Golden Age Med. Supply, Inc. v Clarendon Natl. Ins. Co. (2010 NY Slip Op 52010(U))
November 19, 2010
The relevant facts considered by the court included a provider seeking to recover first-party no-fault benefits for healthcare services rendered to an assignor, as well as the argument by the insurance company that the assignment should be revoked due to misrepresentations by the assignor. The main issue decided by the court was whether the insurance company's defense was valid, and if the provider should be allowed to recover for services rendered to the assignor. The holding of the case was that the insurance company's defense failed as a matter of law, as the assignor could not unilaterally revoke the assignment after the services were rendered. Additionally, the court found that the insurance company did not demonstrate that the subject insurance policy was cancelled, and the documents submitted were not sufficient to warrant summary judgment dismissing the complaint. Therefore, the court denied the provider's motion for partial summary judgment on certain conditions.
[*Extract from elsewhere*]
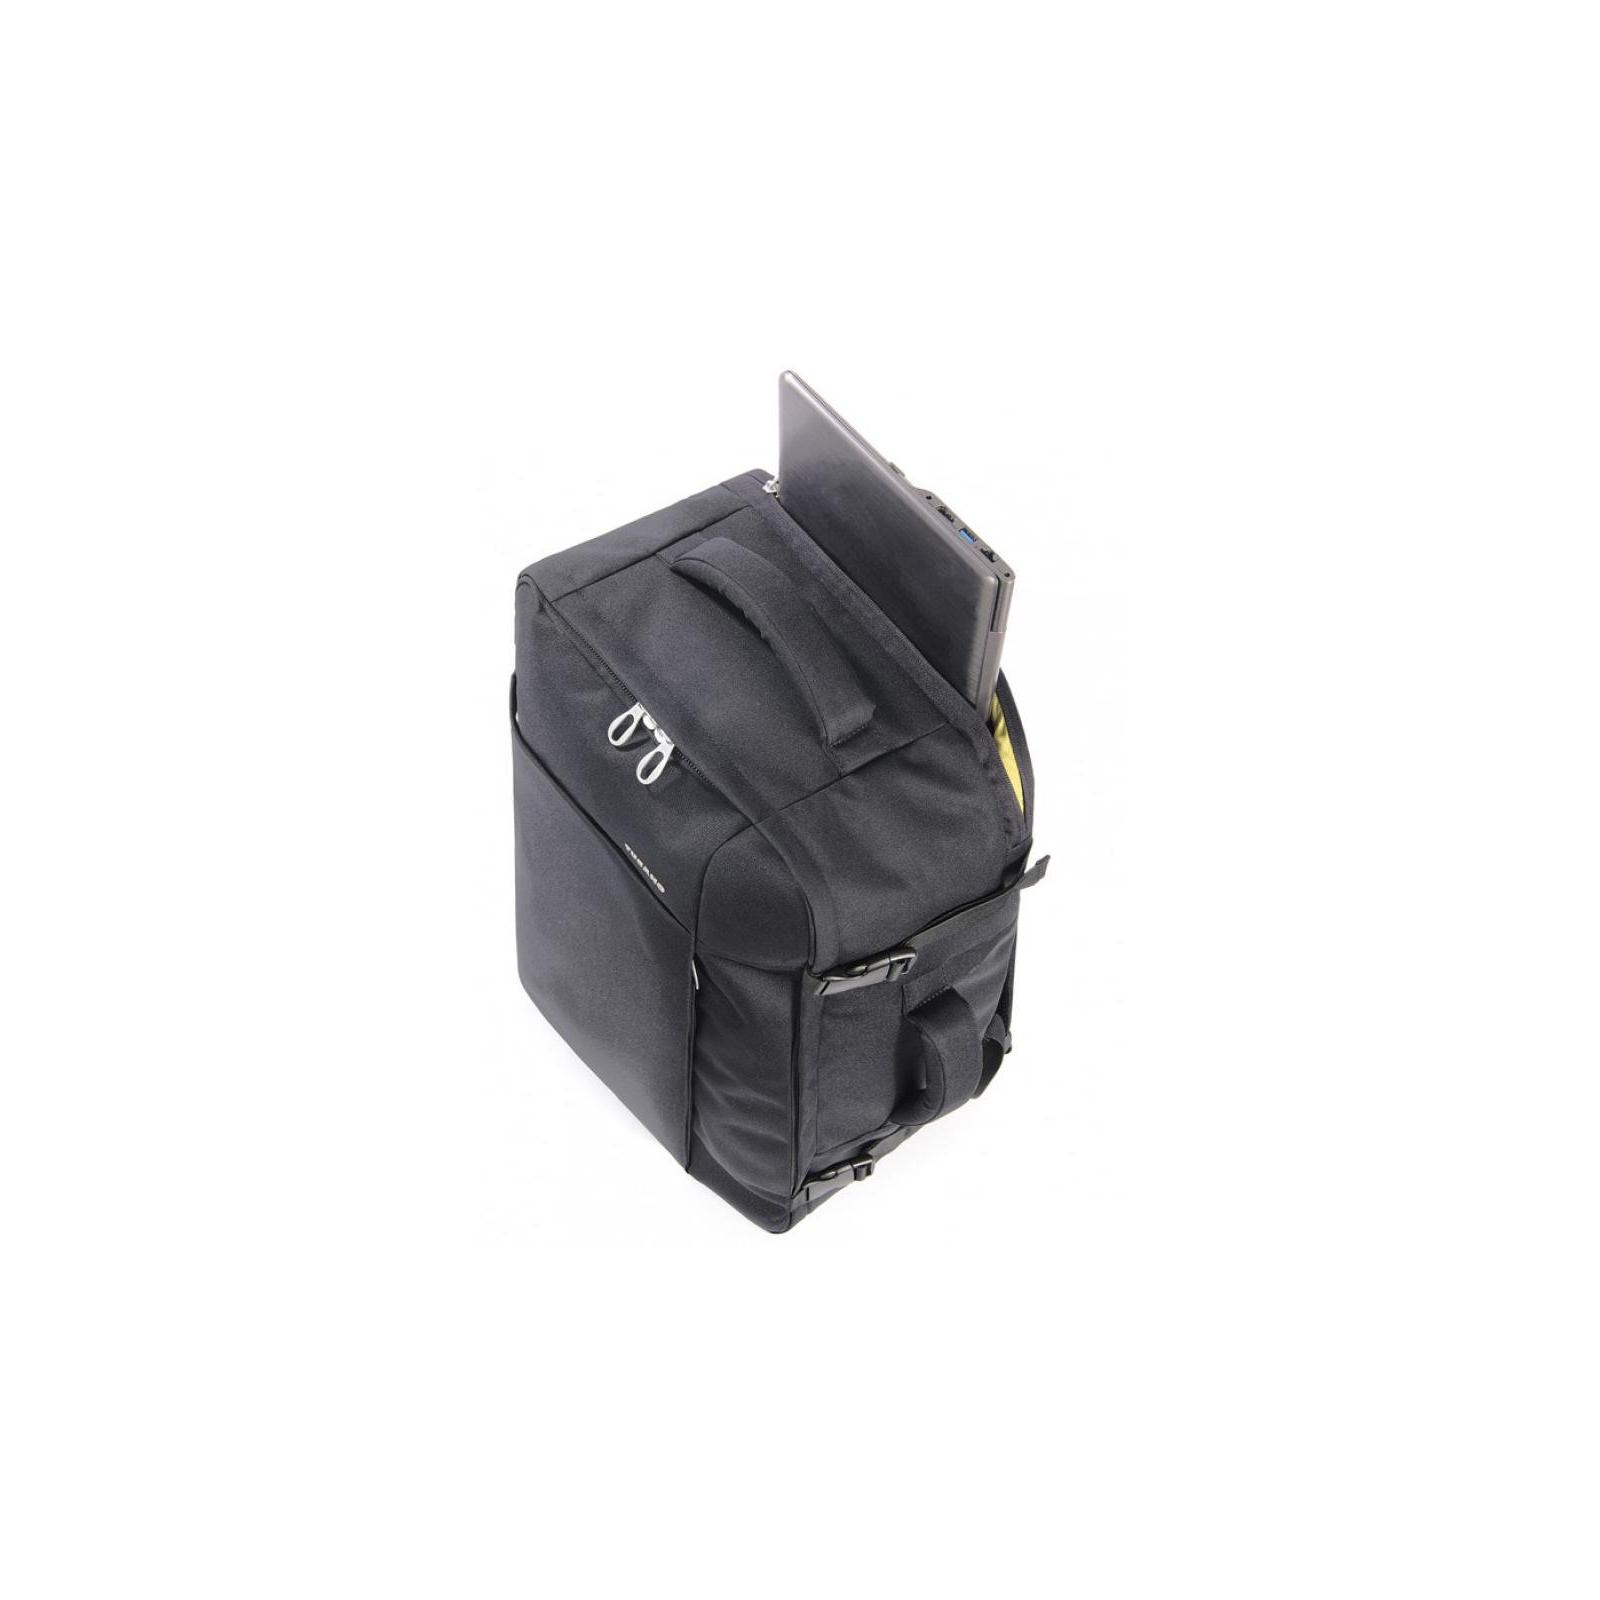 "Рюкзак для ноутбука Tucano 17.3"" TUGO' L CABIN black (BKTUG-L-BK) изображение 4"

Ave T MPC Corp. v Amica Mut. Ins. Co. (2010 NY Slip Op 52009(U))
November 19, 2010
The relevant facts considered by the court include a dispute over no-fault benefits between Ave T MPC Corp. and Amica Mutual Insurance Co. The main issue decided was whether defendant's failure to submit a certificate of conformity had been cured and whether the action was premature since defendant had not received the claim forms at issue until after the lawsuit had been commenced. The court held that defendant's submissions supported the determination that defendant had not received any claim forms prior to the commencement of the action and that the action was premature. The court also held that the document annexed to defendant's reply papers was not made by an authorized person pursuant to Real Property Law § 299-a, but that the certificate of conformity could be given nunc pro tunc effect once the proper certificate is obtained. Therefore, the court affirmed the order on certain conditions.
Astoria Wellness Med., P.C. v State Farm Mut. Auto Ins. Co. (2010 NY Slip Op 52008(U))
November 17, 2010
The court considered the plaintiff's motion for summary judgment on default, the defendant's failure to file opposition papers, and the subsequent motion to vacate the order. The main issue decided was whether the defendant had a reasonable excuse for its default and a meritorious defense to the motion. The court held that the defendant's excuse of law office failure was not reasonable under the circumstances presented, as they failed to adequately explain why they did not re-file their opposition papers in the correct Civil Court part after being notified of their filing error. Additionally, the court found that the defendant's failure to submit the opposition papers by the agreed-upon date was de minimis and without prejudice to the plaintiff, and that the plaintiff failed to properly establish their meritorious defense. Therefore, the court affirmed the order denying the defendant's motion to vacate.